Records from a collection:
↓↓↓
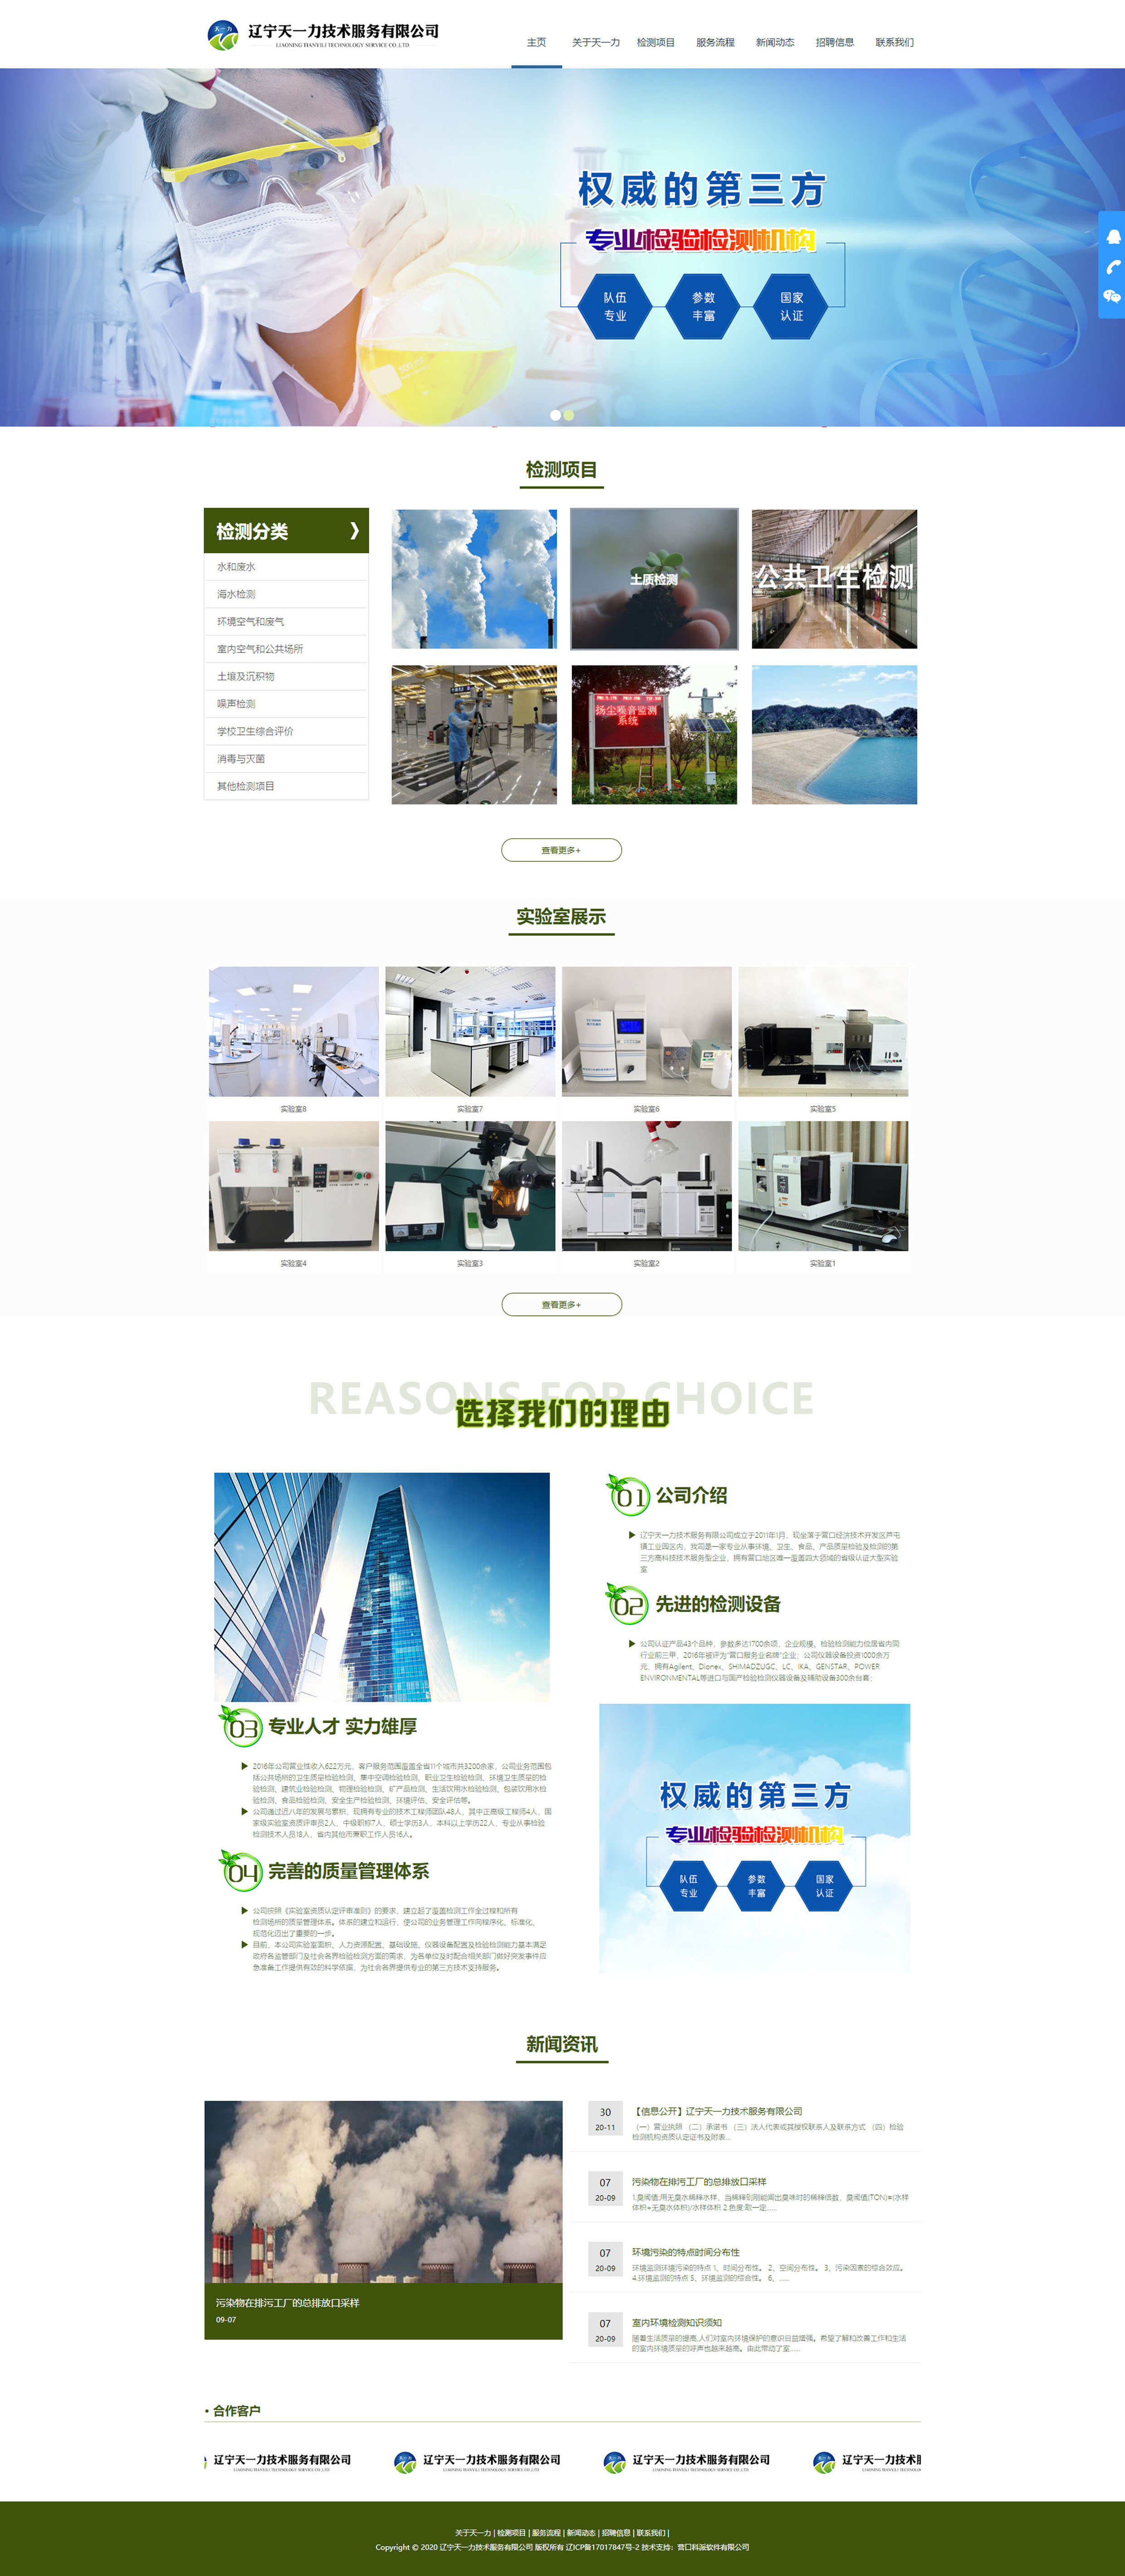 企业公司污水处理网站设计制作建设.jpg
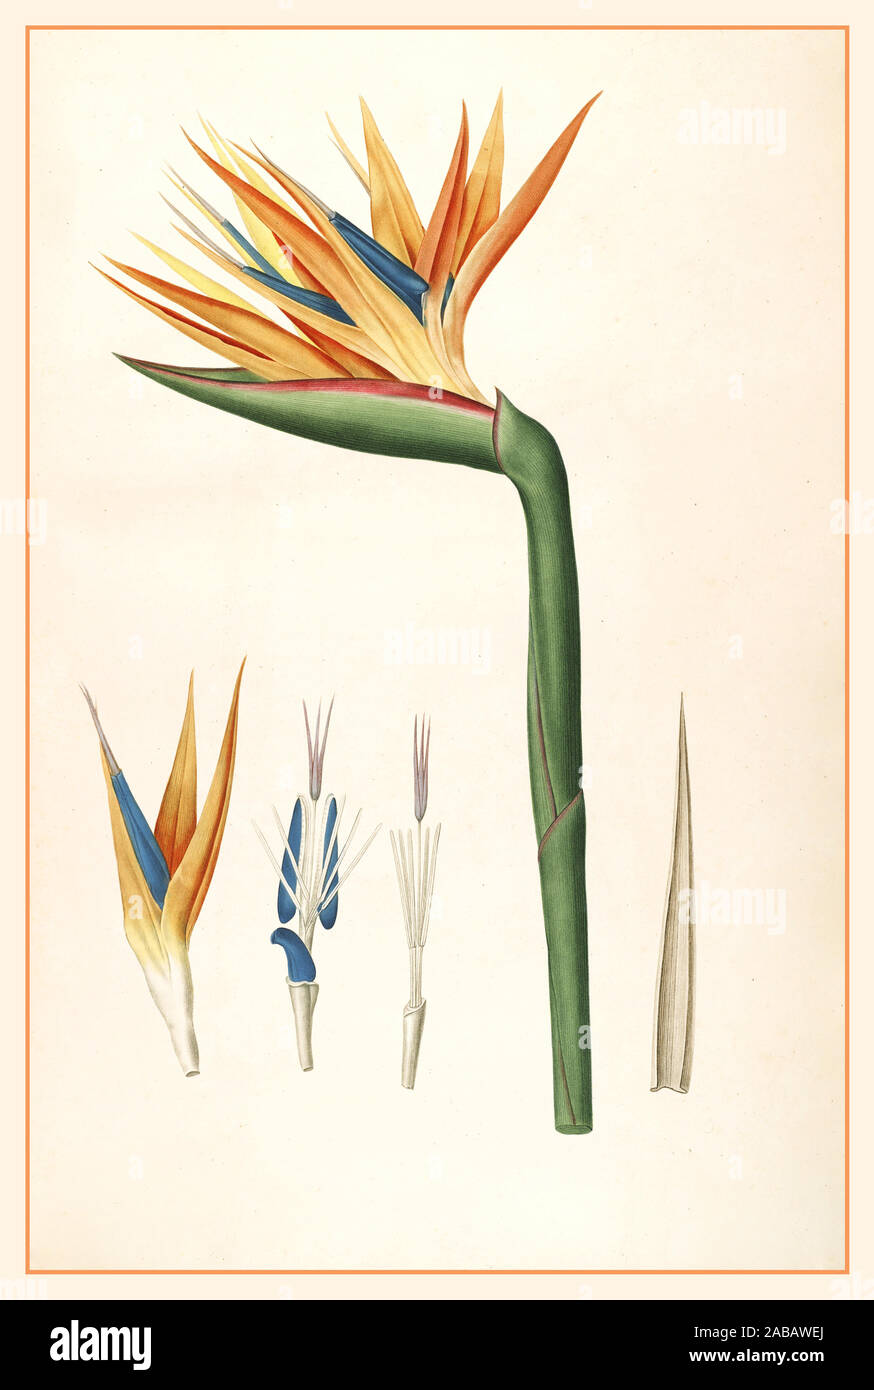 STRELITZIA 1800 Lithographie Vintage Oiseau du Paradis - Strelitzia reginae - circa 1812 -Botanique Fleur - oiseau , illustration couleur. 19ème siècle Illustration botanique Banque D'Images
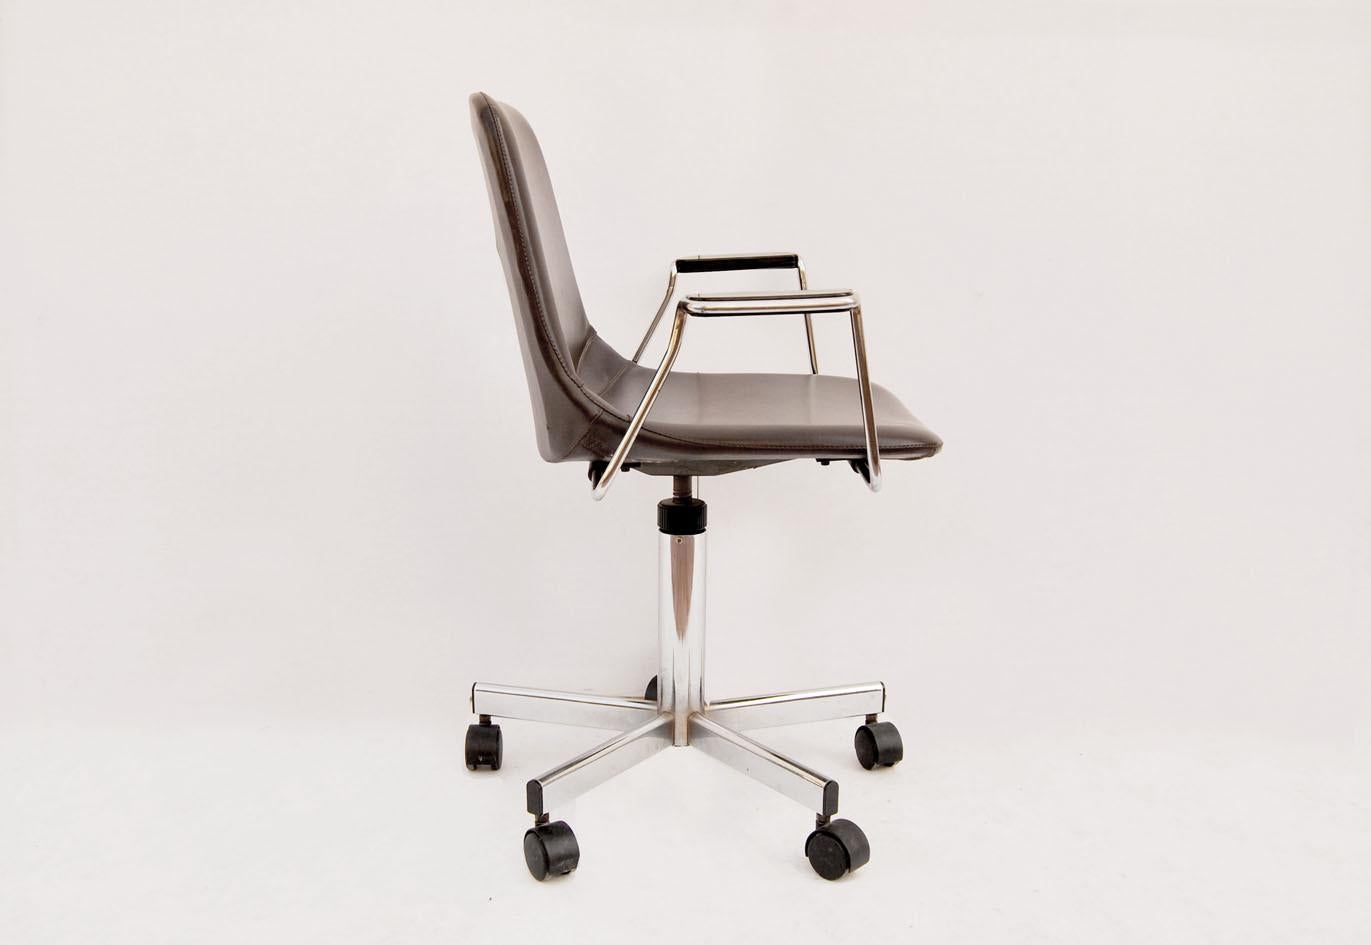 Schöner Vintage-Schreibtischstuhl aus den 1980er Jahren.
Der in Italien von MIM mim mobili spa hergestellte Stuhl hat ein verchromtes Metallgestell mit integrierter Sitzfläche und Rückenlehne, gepolstert und bezogen mit dunkelbraunem Kunstleder, mit
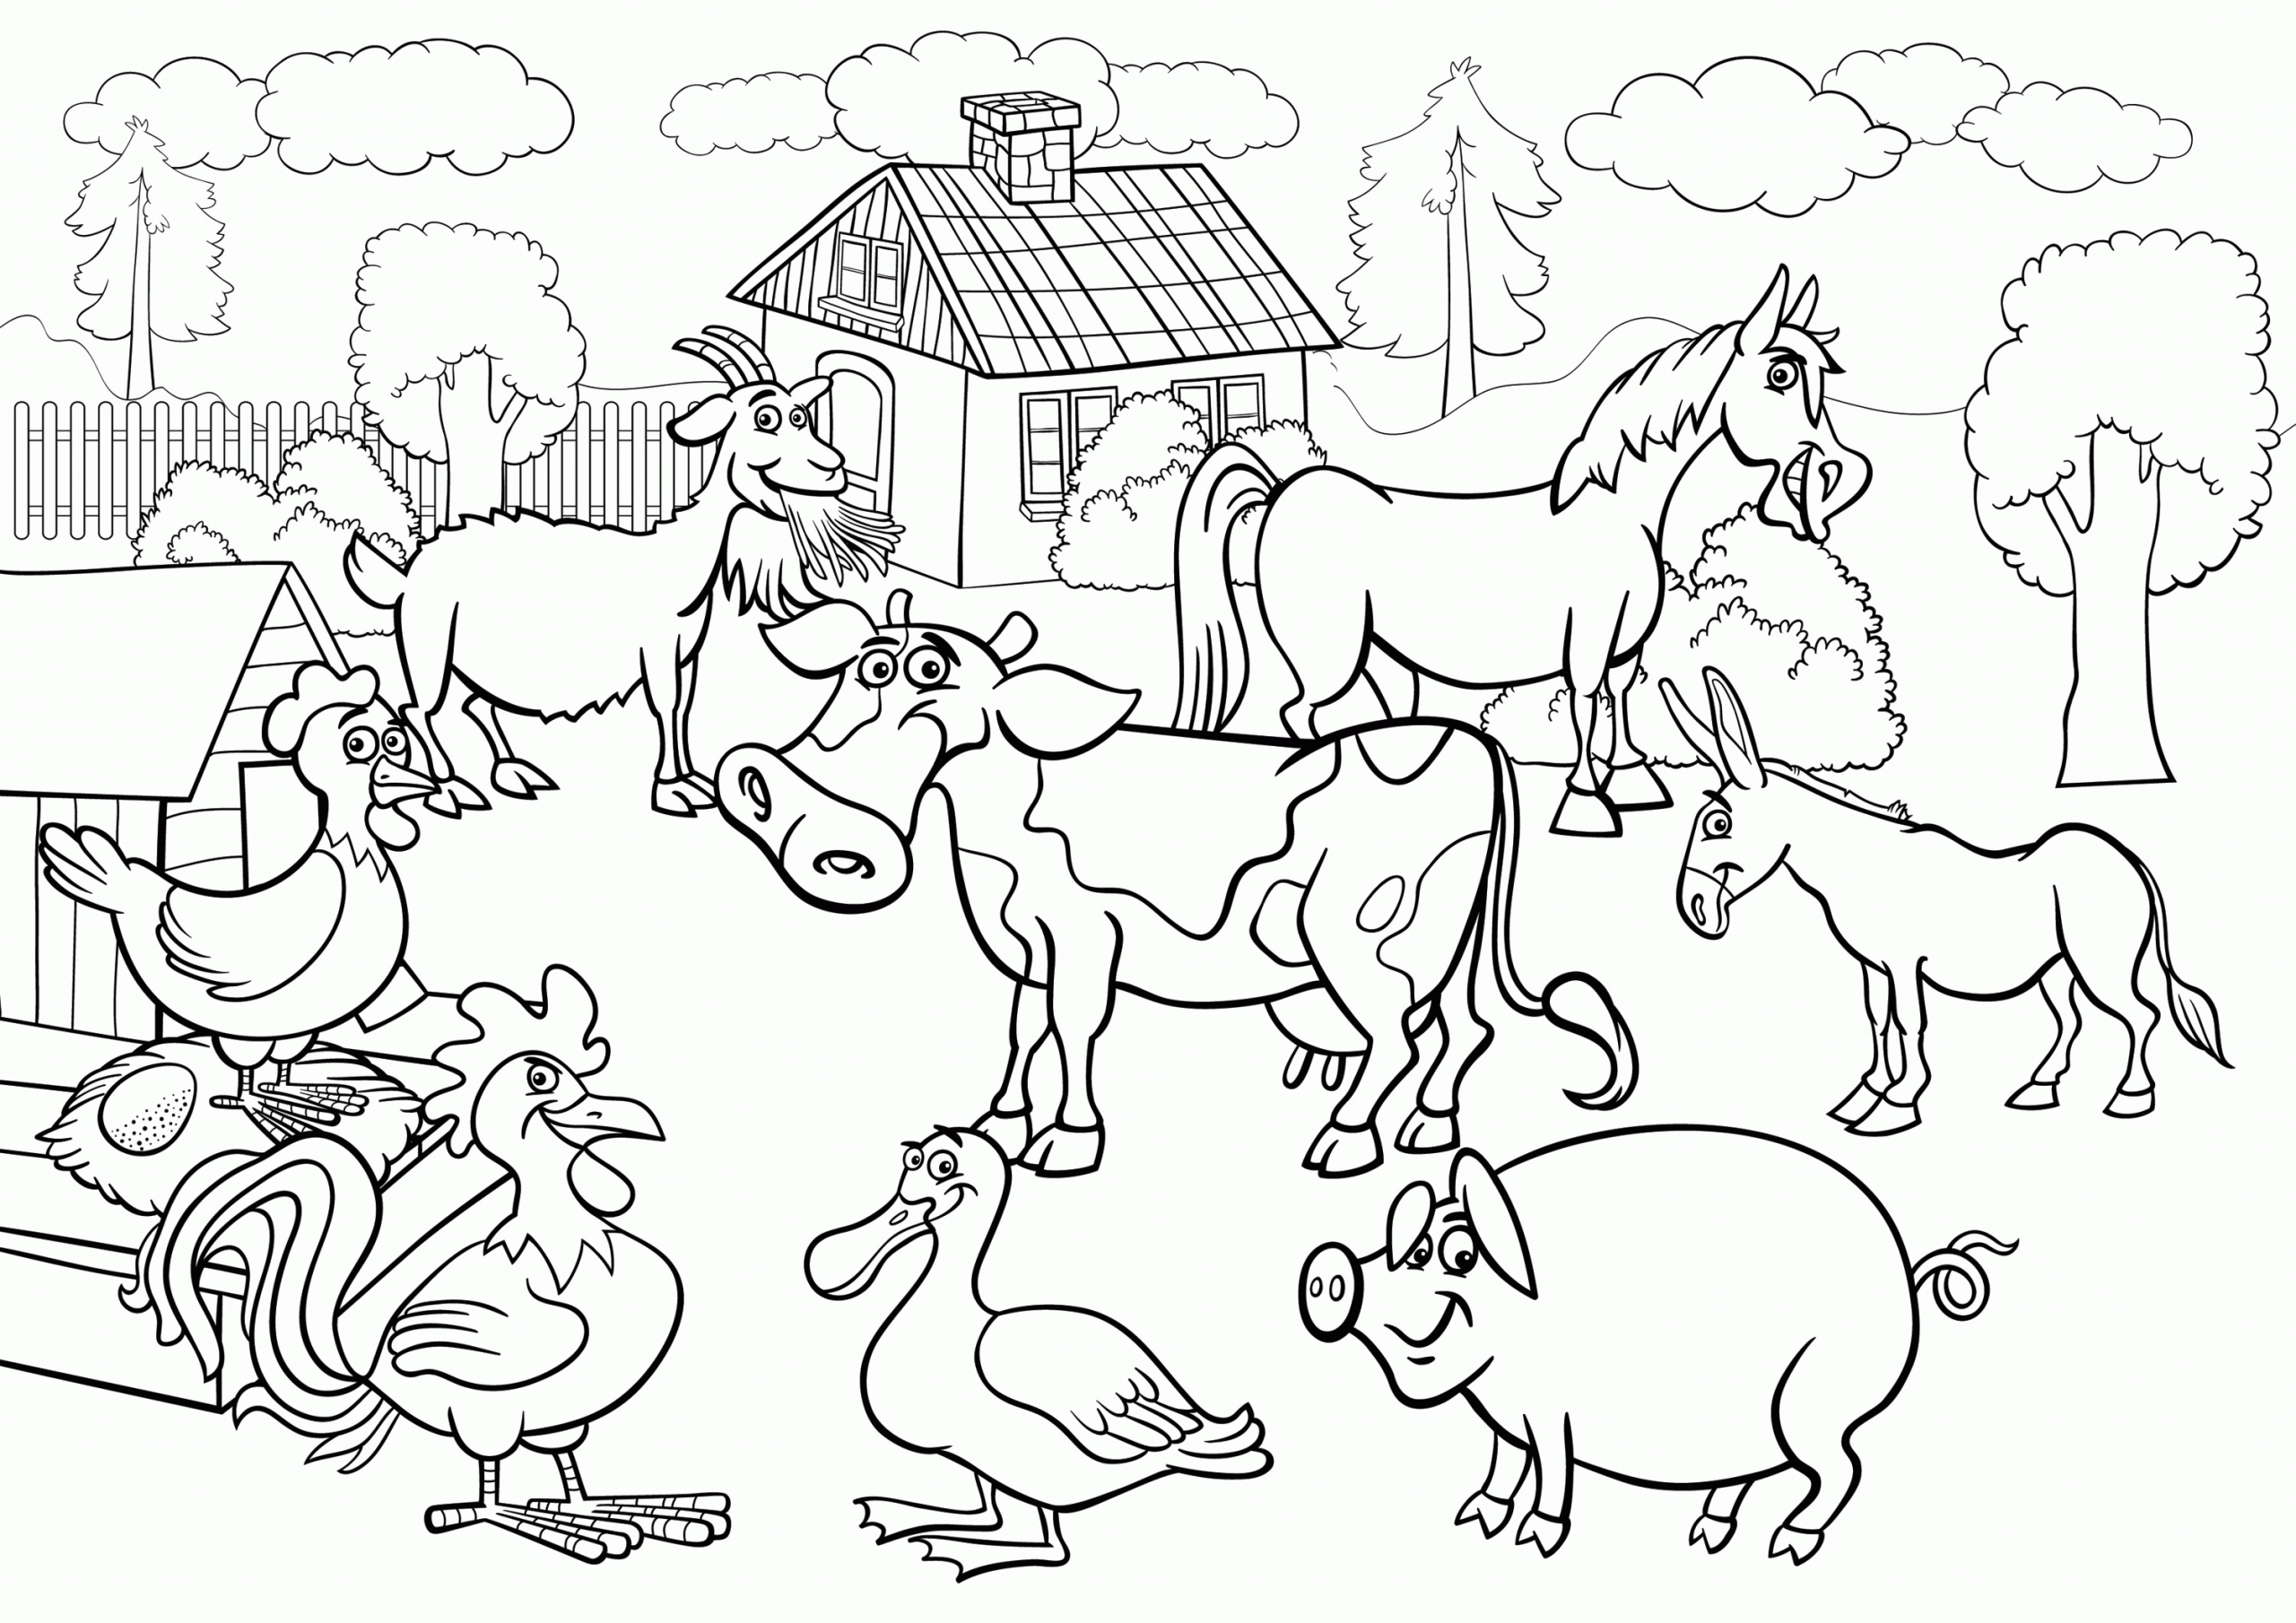 Animals in a Farm
↑↑↑
Exercise: Repeat, without pictures, exactly the lines of the data above from the one containing "STRELITZIA 1800 Lithographie" through the one containing "Schöner Vintage-Schreibtischstuhl aus", including both and adding nothing.

Output below:
 STRELITZIA 1800 Lithographie Vintage Oiseau du Paradis - Strelitzia reginae - circa 1812 -Botanique Fleur - oiseau , illustration couleur. 19ème siècle Illustration botanique Banque D'Images
 Schöner Vintage-Schreibtischstuhl aus den 1980er Jahren.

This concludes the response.